Earth's polar temperature has swung wildly—by as much as 15 degrees Celsius (27 degrees Fahrenheit)—over the last 800,000 years, an Antarctic ice core has revealed.

In 2004 scientists led by Jean Jouzel of the Laboratory of Climate and Environmental Sciences (LSCE) in Gif-sur-Yvette, France, pulled up the final chunk of ice core from a drill hole in the center of Antarctica.

At 3,260 meters (10,695 feet) long, drilling the ice core was a marathon effort in one of the most hostile and remote places on Earth. (See Antarctica map.)

Although it is not the deepest Antarctic core (the 3,263-meter [10,705-foot] Vostok core holds this record), its compressed ice does provide the longest polar climate record, going back 800,000 years.

Tracing the Temps

Measuring deuterium, a form of the element hydrogen, enabled the team to piece together the temperature record in the ancient ice.

The new climate record covers an additional cycle of glacial change, amounting to 11 cycles in total, lead author Jouzel said.

Plugging the data from the entire core into an atmospheric model, the scientists were able to reconstruct a reliable temperature record for the past 800,000 years.
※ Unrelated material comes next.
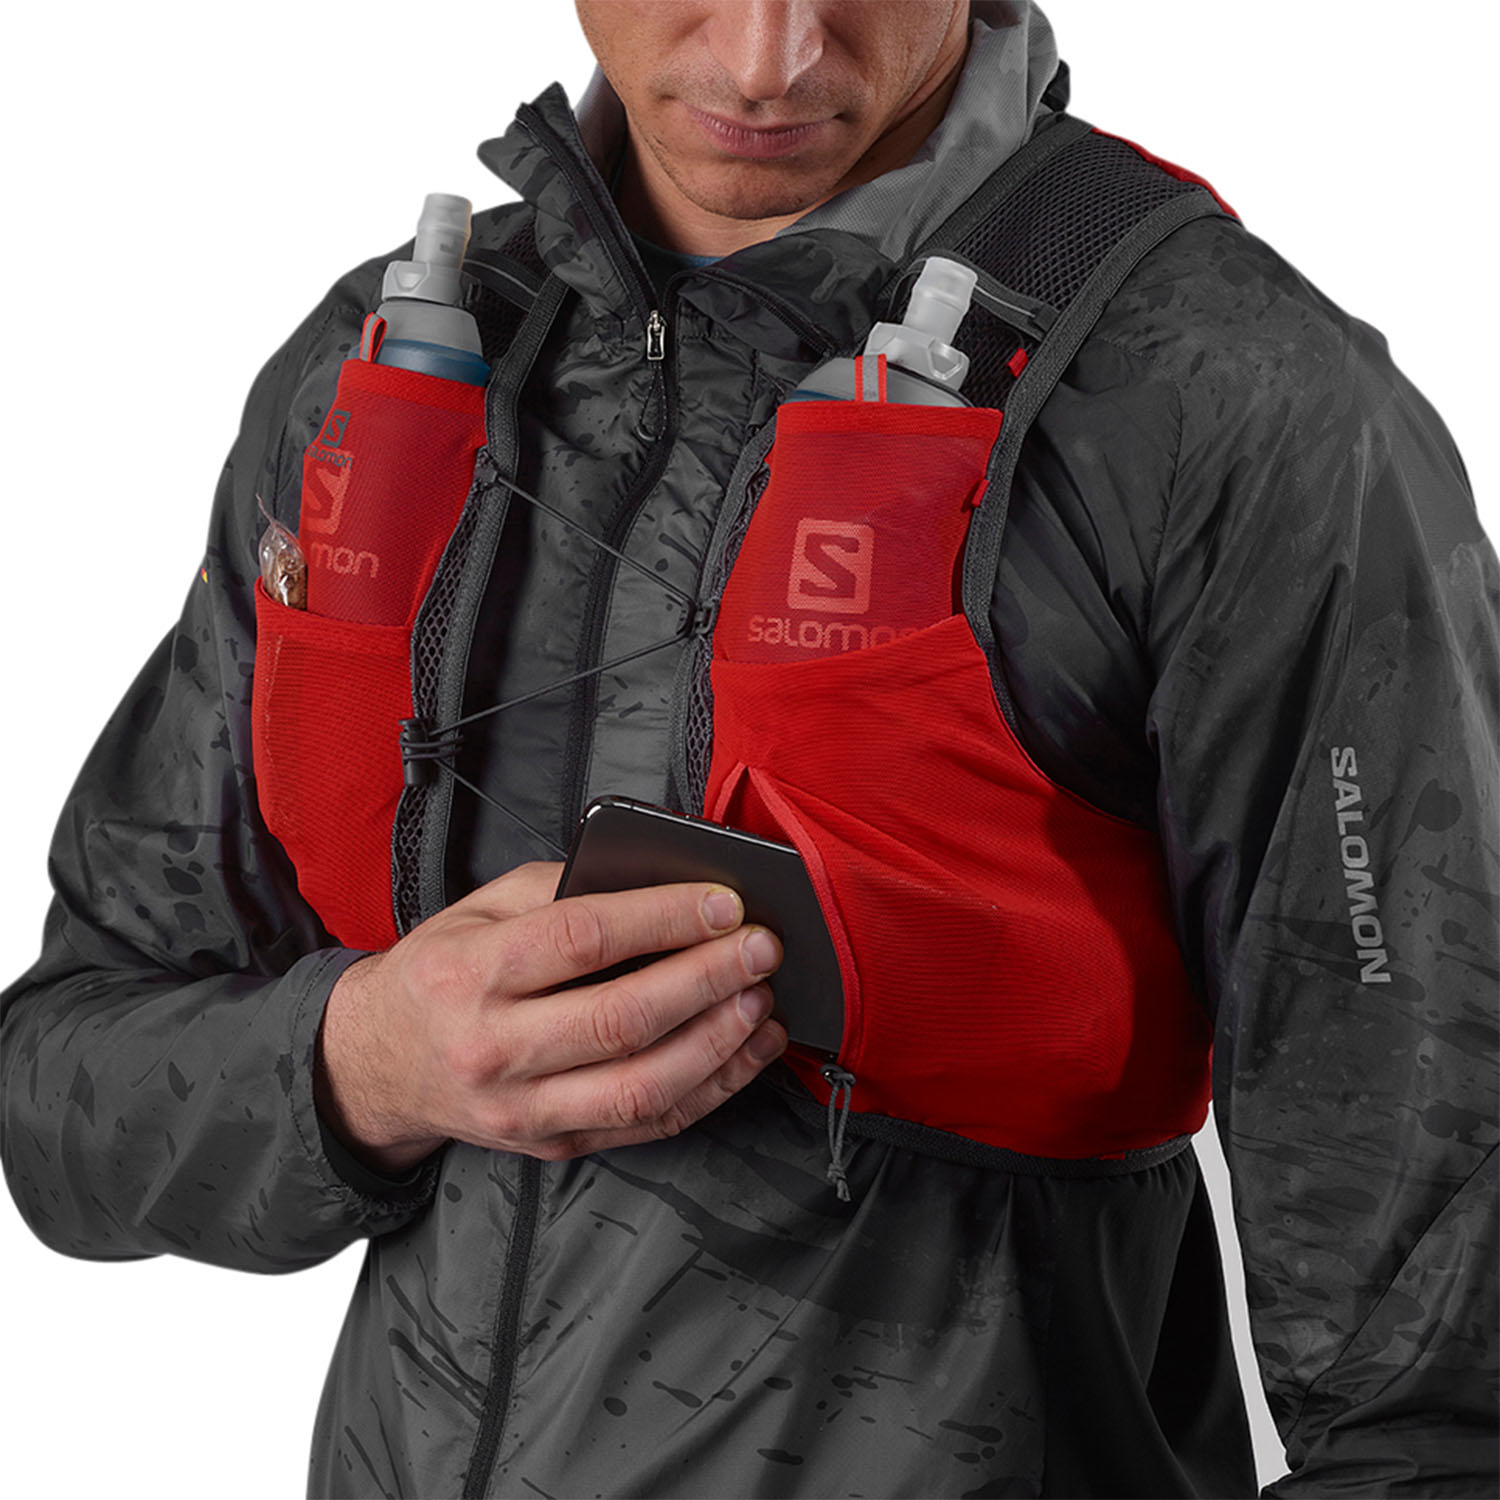  Salomon Active Skin 4 Set Running Hydration Vest, Ebony/Black,  Small : Sports & Outdoors
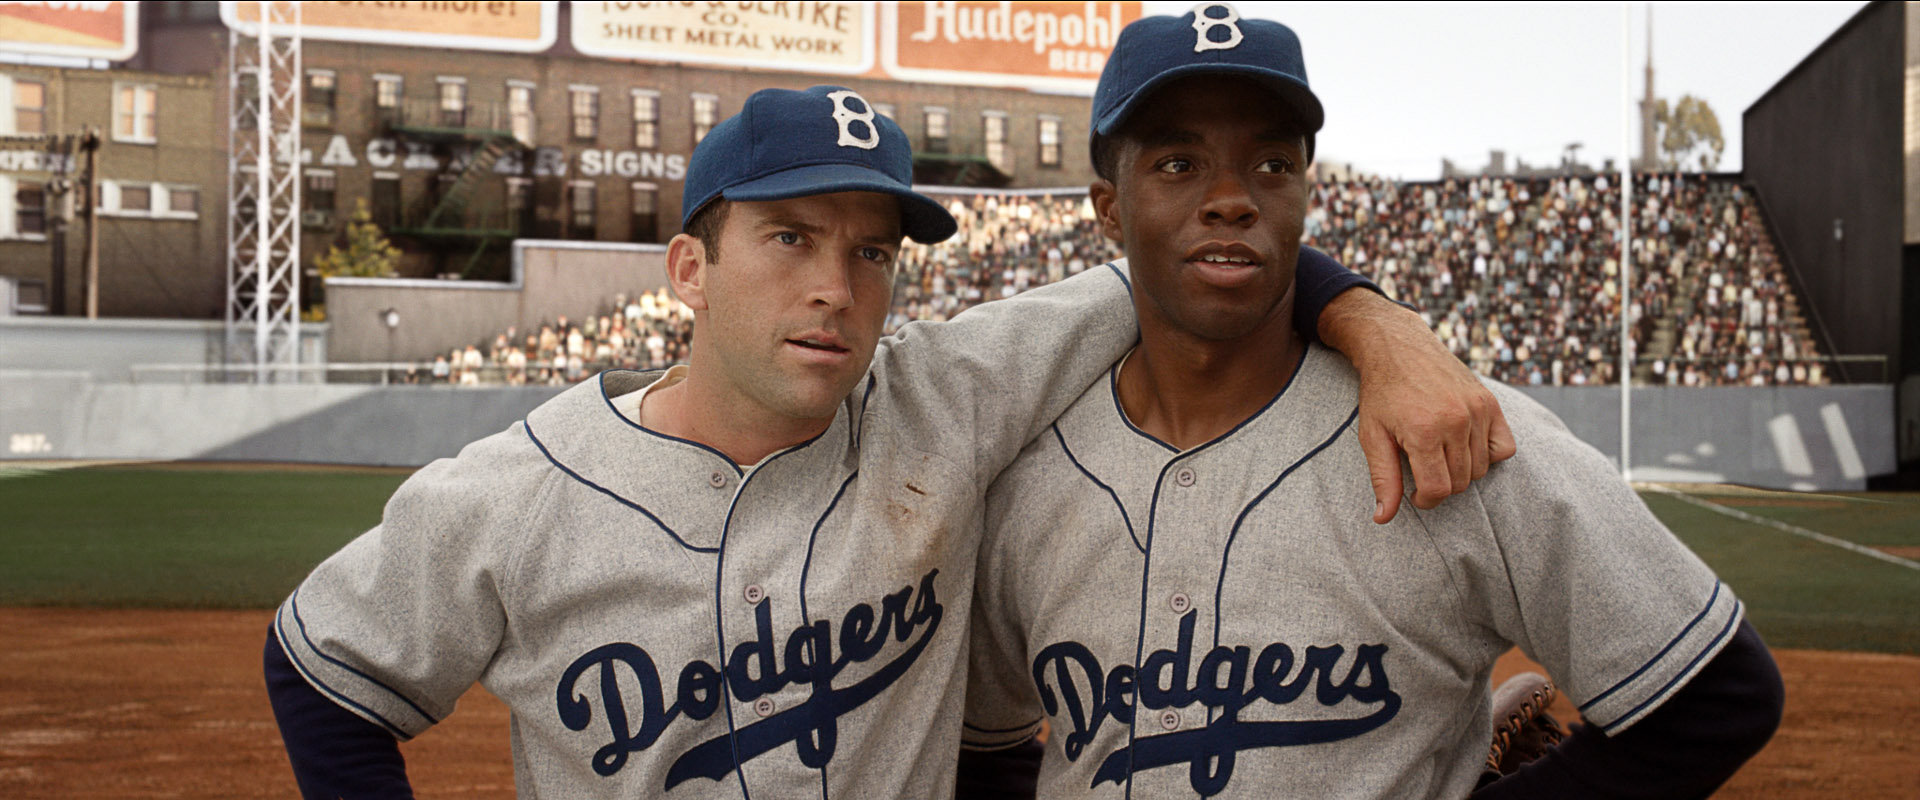 Chadwick Boseman, Jackie Robinson, Pee Wee Reese, Brooklyn Dodgers, baseball, 42

In today's online journal Science, the team showed that the coldest period occurred around 20,000 years ago, during the last glacial maximum, when the ice sheets were at their peak.

It was about 10 degrees Celsius (18 degrees Fahrenheit) colder than today. (Related: "Antarctica's Atmosphere Warming Dramatically, Study Finds" [March 30, 2006].)

Meanwhile, the warmest period was during the last interglacial period, which is an interval of warmer global average temperature that separates ice ages. At that time, around 130,000 years ago, it was a balmy 4.5 degrees Celsius (8.1 degrees Fahrenheit) warmer than today.

Global Events

Many of the changes seen in the core were global climate events.

"We were able to correlate the record with changes seen in Greenland," study lead author Jouzel said. (Related: " Climate-Change Forecast? Ask the Antarctic Ice" [November 10, 2004].)

The scientists plan to drill even deeper, hoping to push the Antarctic climate record back to one million years.

"We are now turning toward other regions of Antarctica, where snow accumulation is even lower," Jouzel said.

But some are skeptical that the ancient ice will have a tale to tell.

"We're getting to a limit on how far ice cores can take us back," said Martin Siegert, a glaciologist at Edinburgh University.

"There may be ice at one million years old, but will there be a real record in it?"

Instead he suggests that sub-glacial lakes are likely to hold the key.

"The lake-floor record starts where the ice core record finishes. It is time to look beneath the ice," he said.